I'd like the entries reproduced exactly, with all pictures omitted.

[Stored data entries]

■ ■ ■ ■ ■ ■ ■

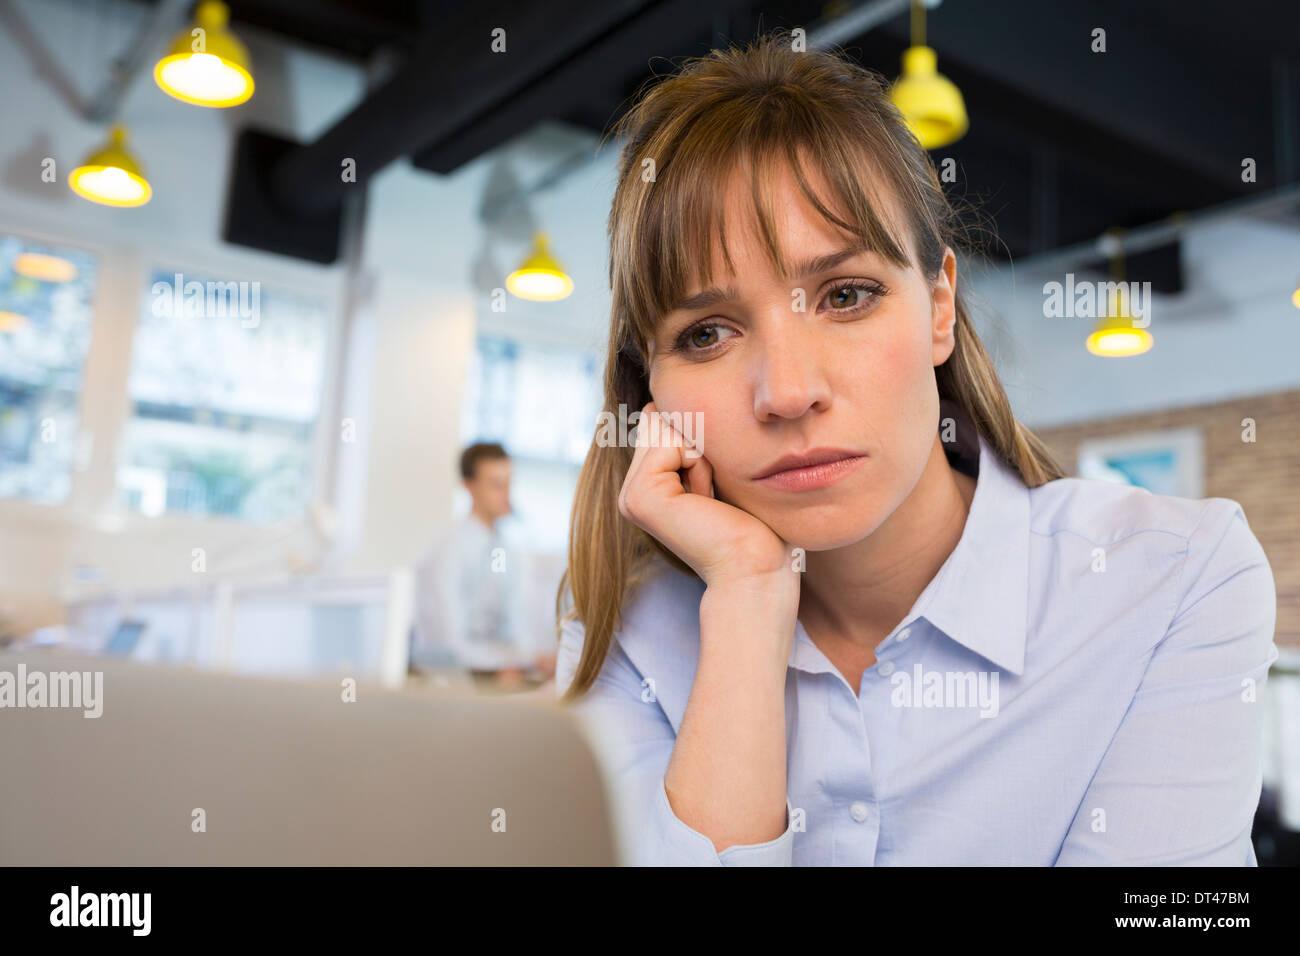 Cansado de negocios femenina equipo de escritorio Imagen De Stock
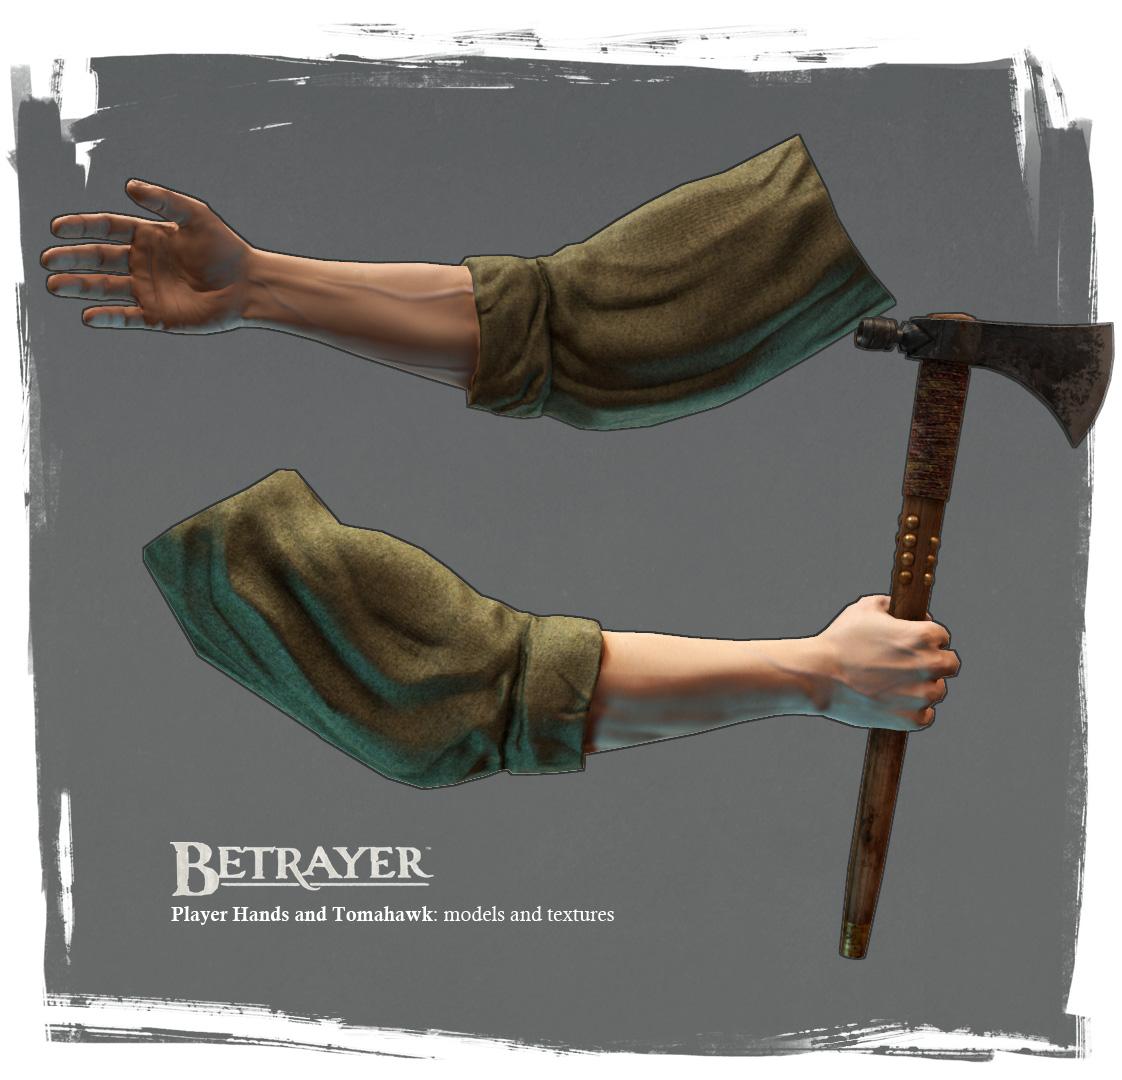 PlayerHands.jpg
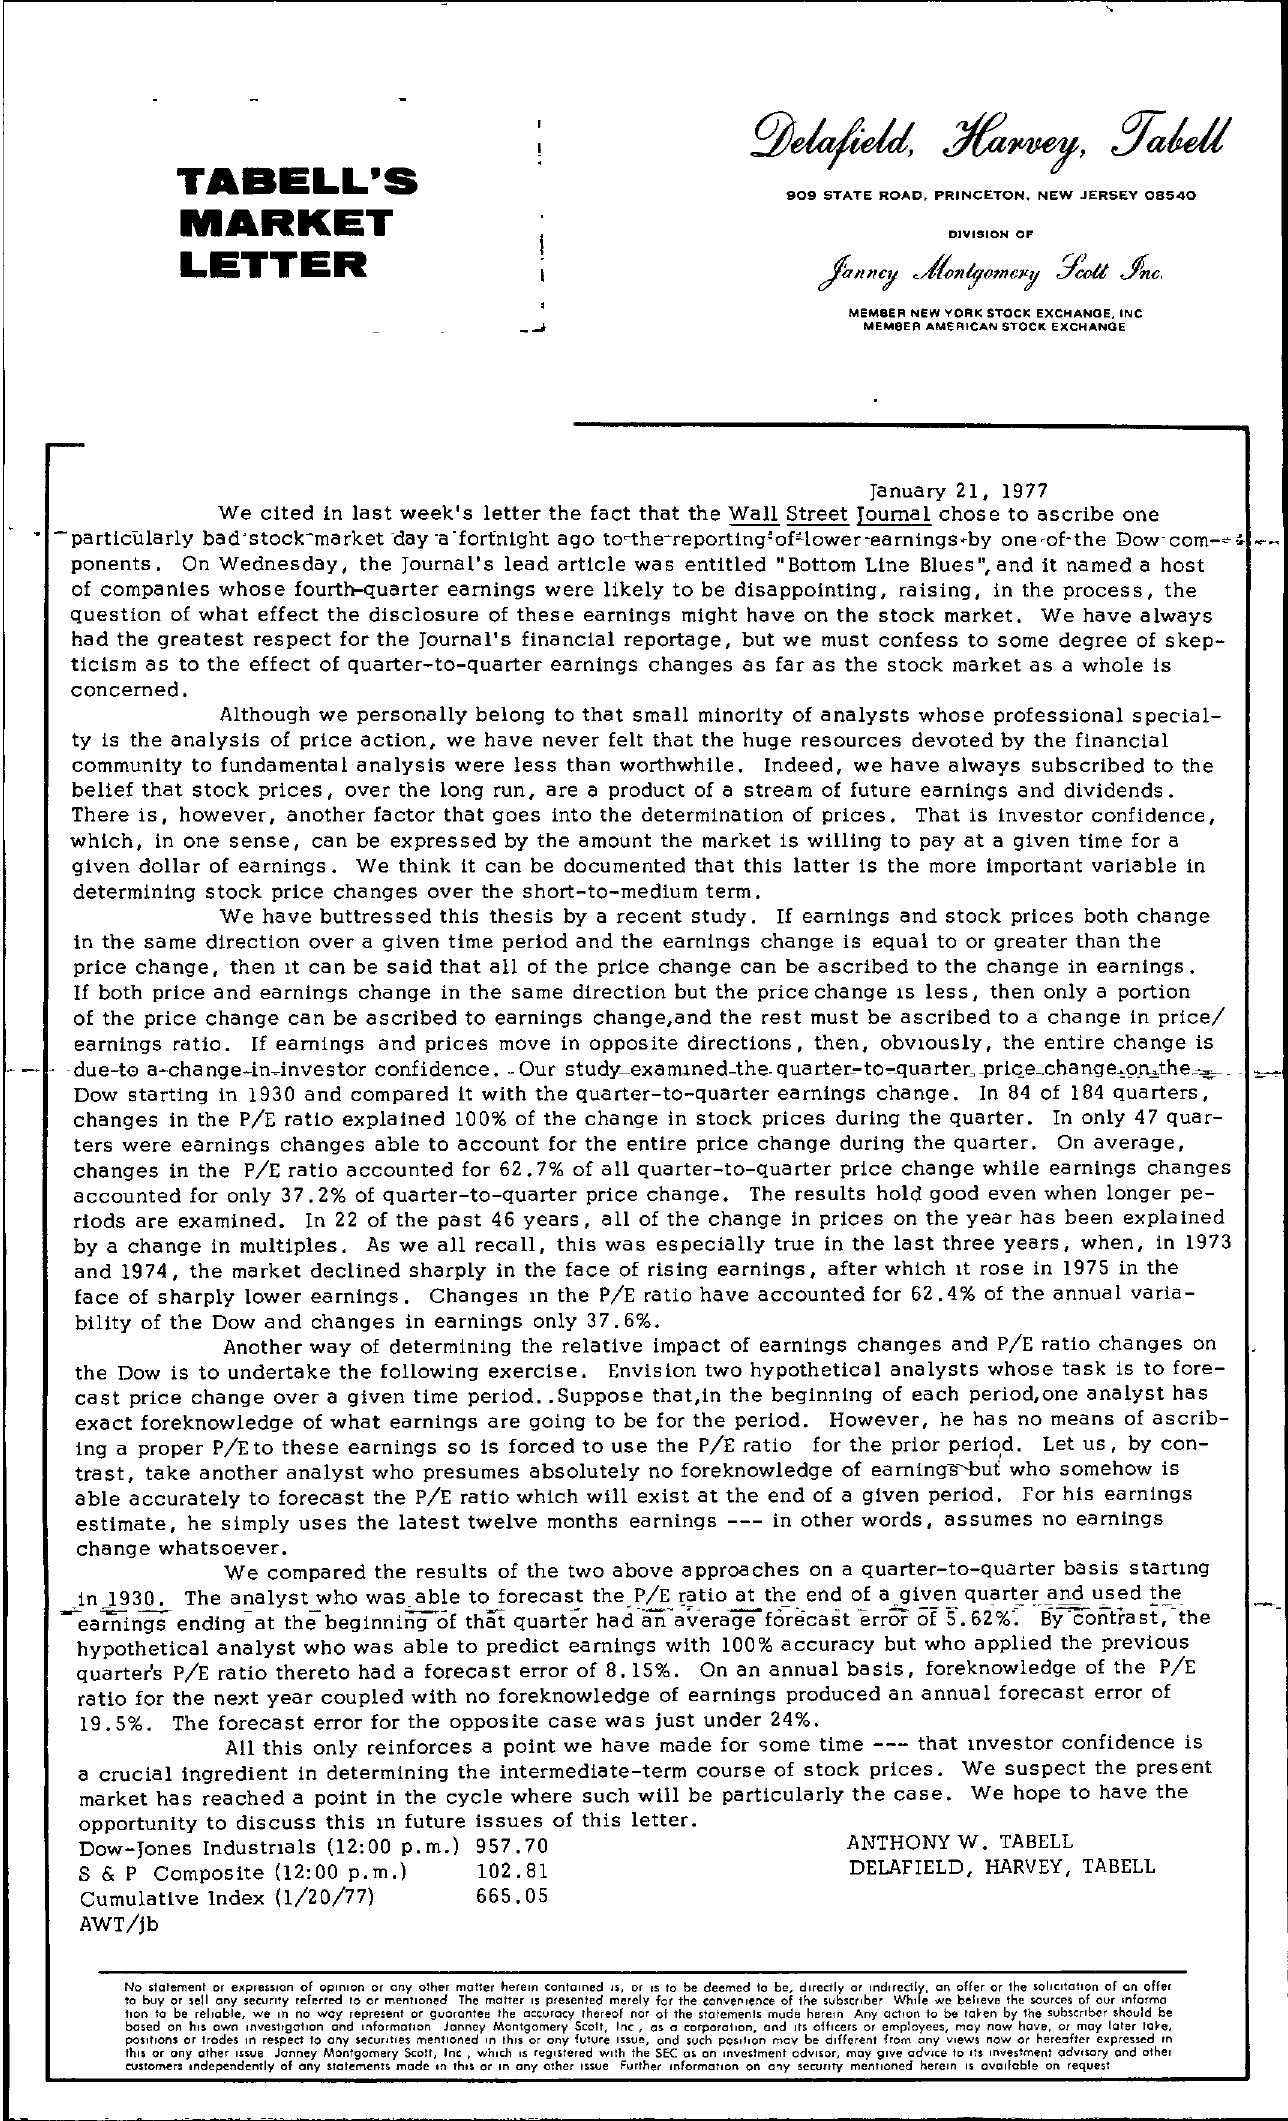 Tabell's Market Letter - January 21, 1977
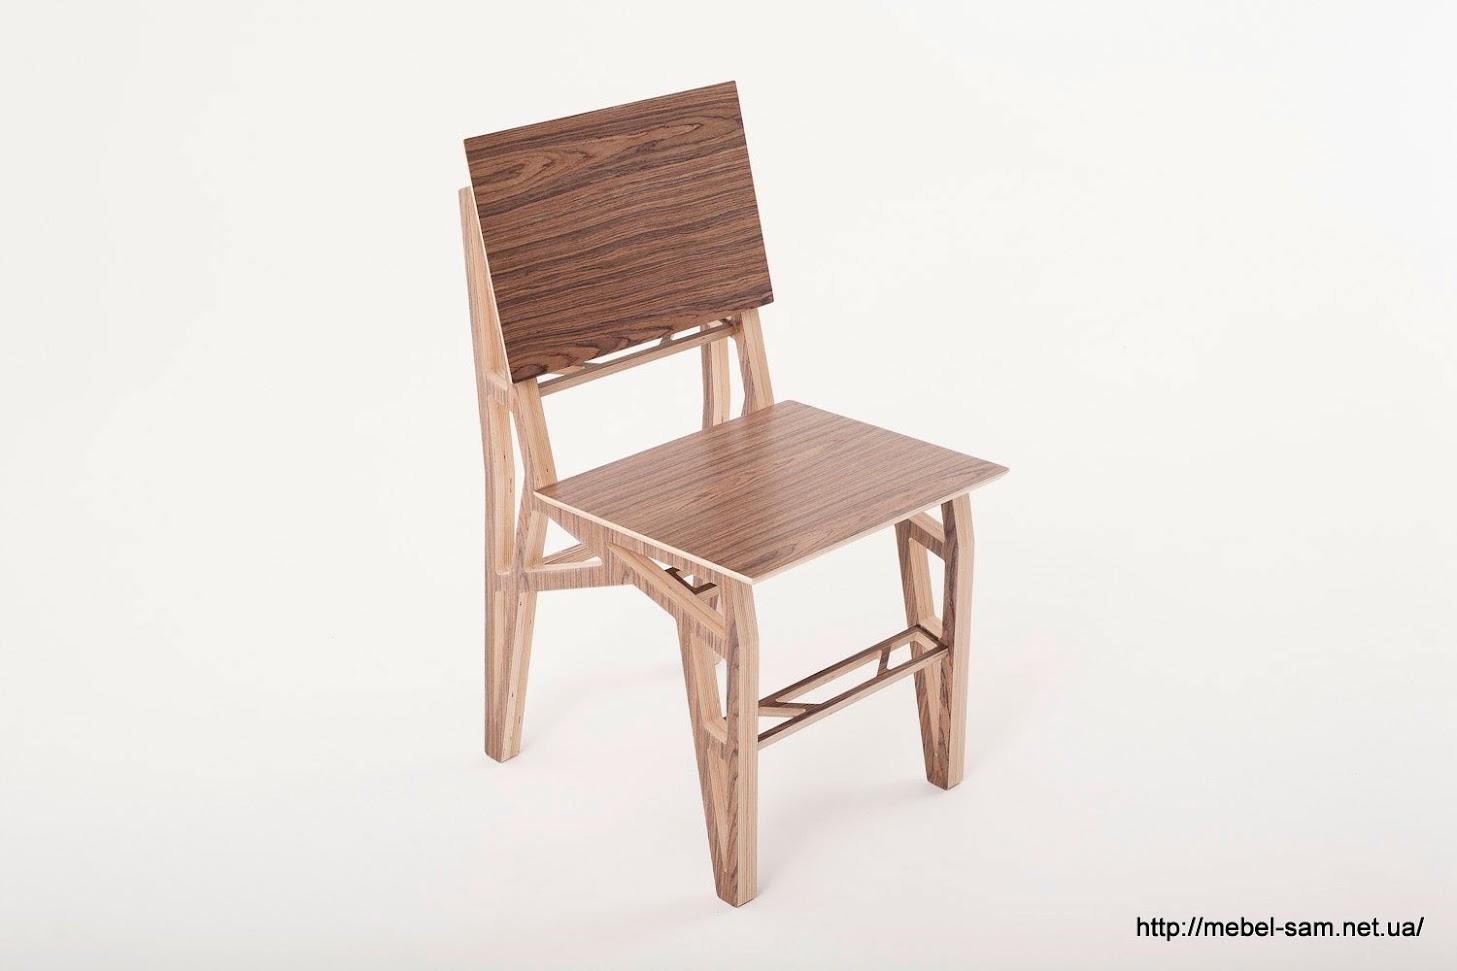 Общий вид стула
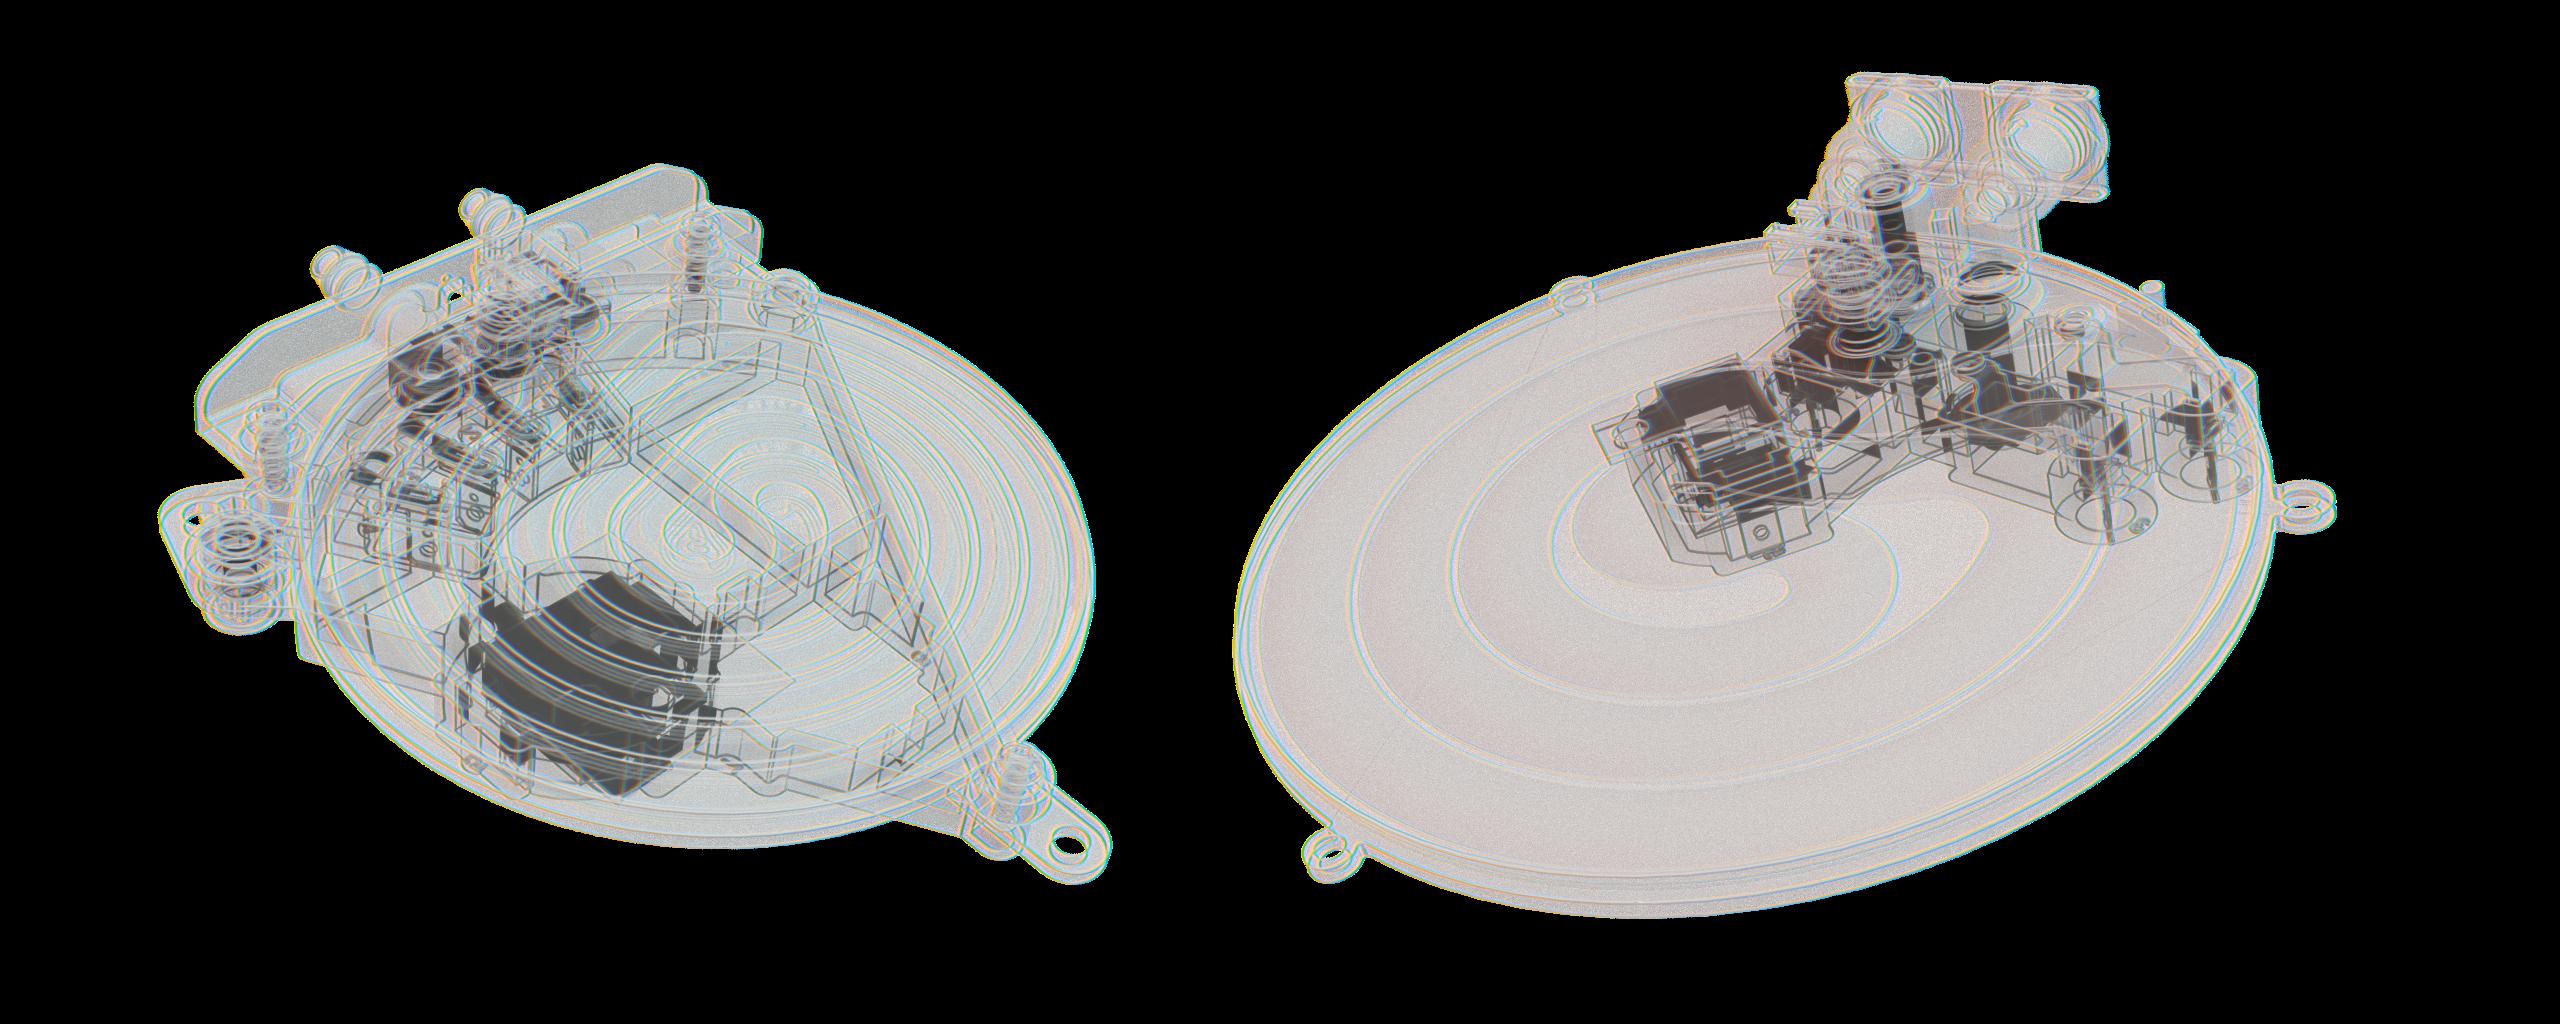 Blueprint view of Ferro Techniek products

■ ■ ■ ■ ■ ■ ■

Problem solution —
 Cansado de negocios femenina equipo de escritorio Imagen De Stock
 PlayerHands.jpg
 Tabell's Market Letter - January 21, 1977
 Общий вид стула
 Blueprint view of Ferro Techniek products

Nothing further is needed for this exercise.